There is a line containing "Driving Your Mazda" in the records below. Repeat it and every line after it, exactly, through the final line, but no pictures.

Source data:

=== Begin Enclosure ===

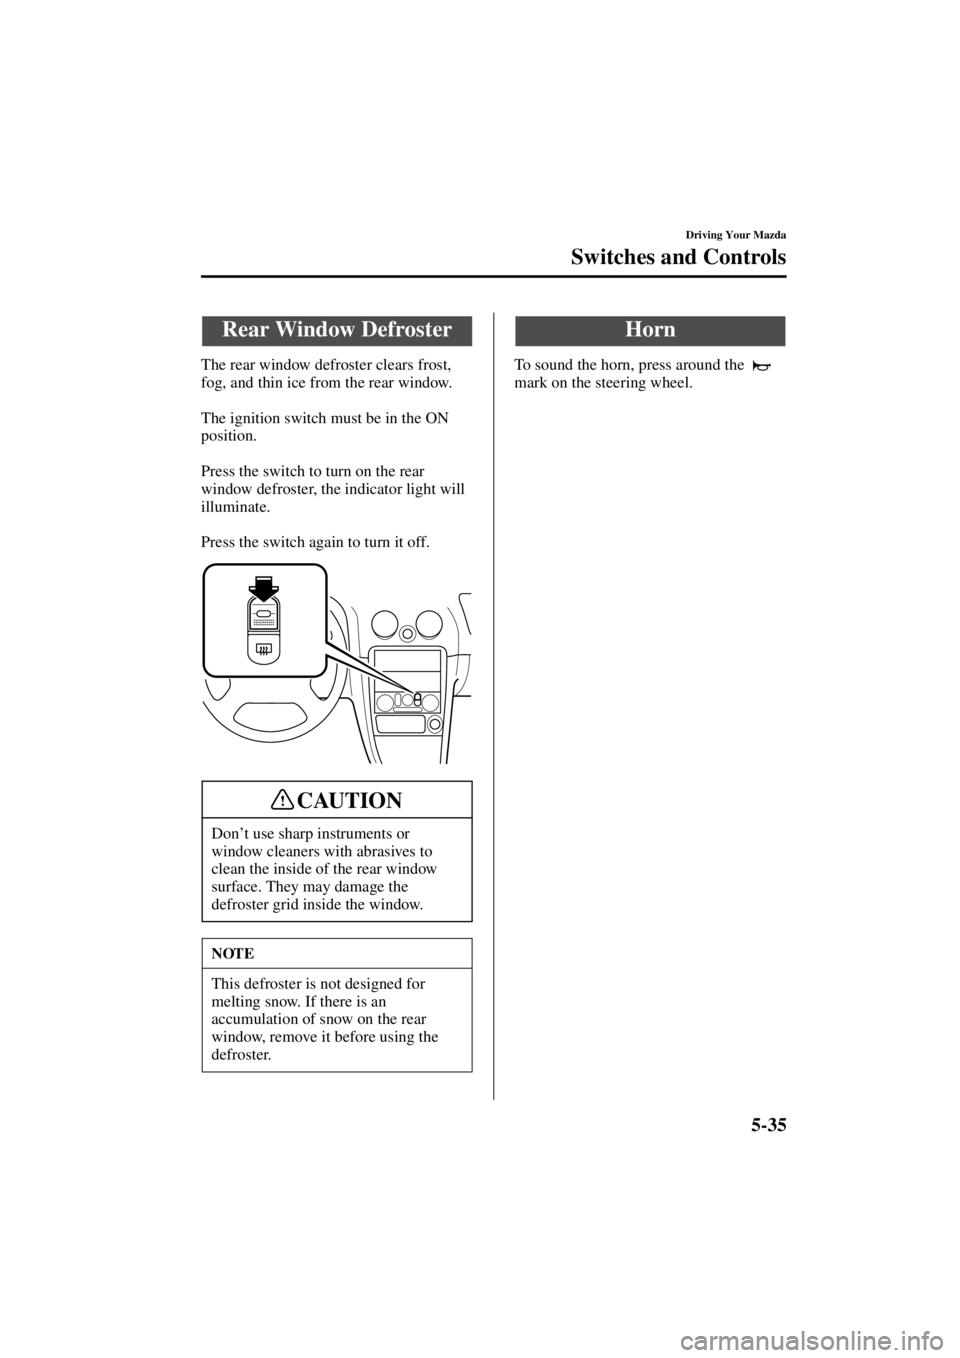 MAZDA MODEL SPEED MX-5 MIATA 2004  Owners Manual 5-35
Driving Your Mazda
Switches and Controls
Form No. 8T02-EA-03L
The rear window defroster clears frost, 
fog, and thin ice from the rear window.
The ignition switch must be in the ON 
position.
Pre
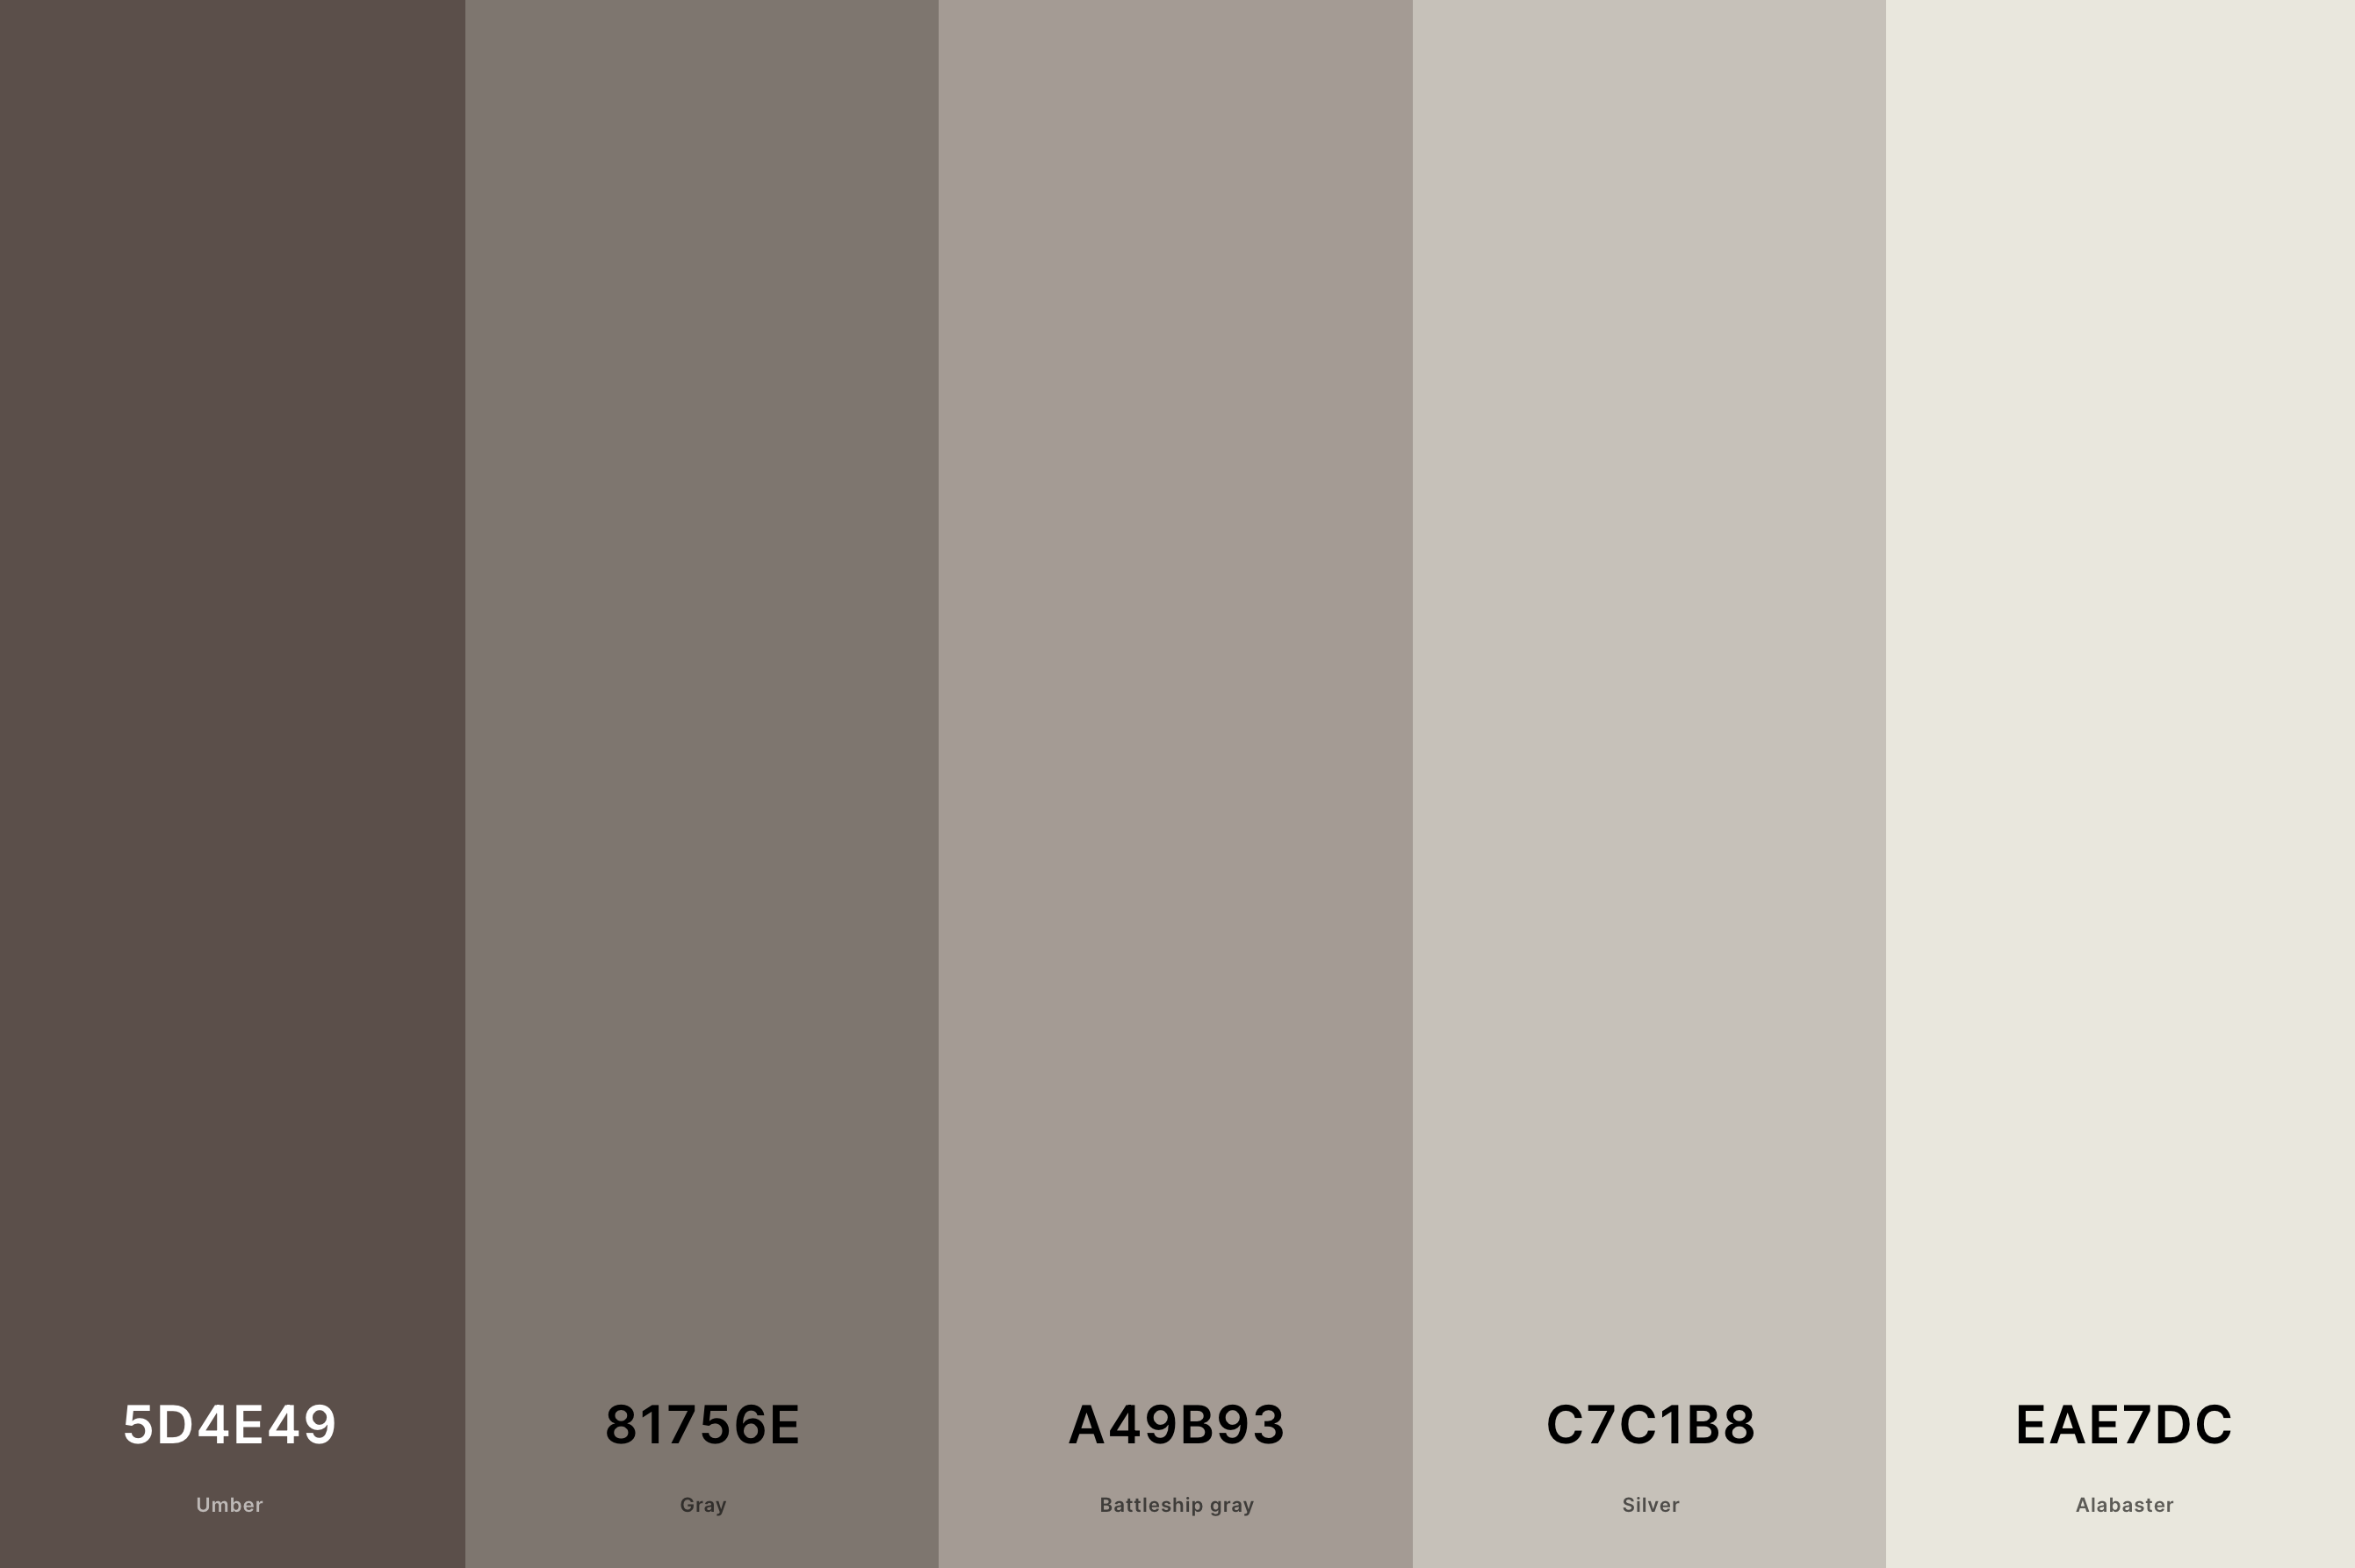 12. Warm Gray Color Palette Color Palette with Umber (Hex #5D4E49) + Gray (Hex #81756E) + Battleship Gray (Hex #A49B93) + Silver (Hex #C7C1B8) + Alabaster (Hex #EAE7DC) Color Palette with Hex Codes

=== End Enclosure ===

Answer for the task:
Driving Your Mazda
Switches and Controls
Form No. 8T02-EA-03L
The rear window defroster clears frost, 
fog, and thin ice from the rear window.
The ignition switch must be in the ON 
position.
Pre
 12. Warm Gray Color Palette Color Palette with Umber (Hex #5D4E49) + Gray (Hex #81756E) + Battleship Gray (Hex #A49B93) + Silver (Hex #C7C1B8) + Alabaster (Hex #EAE7DC) Color Palette with Hex Codes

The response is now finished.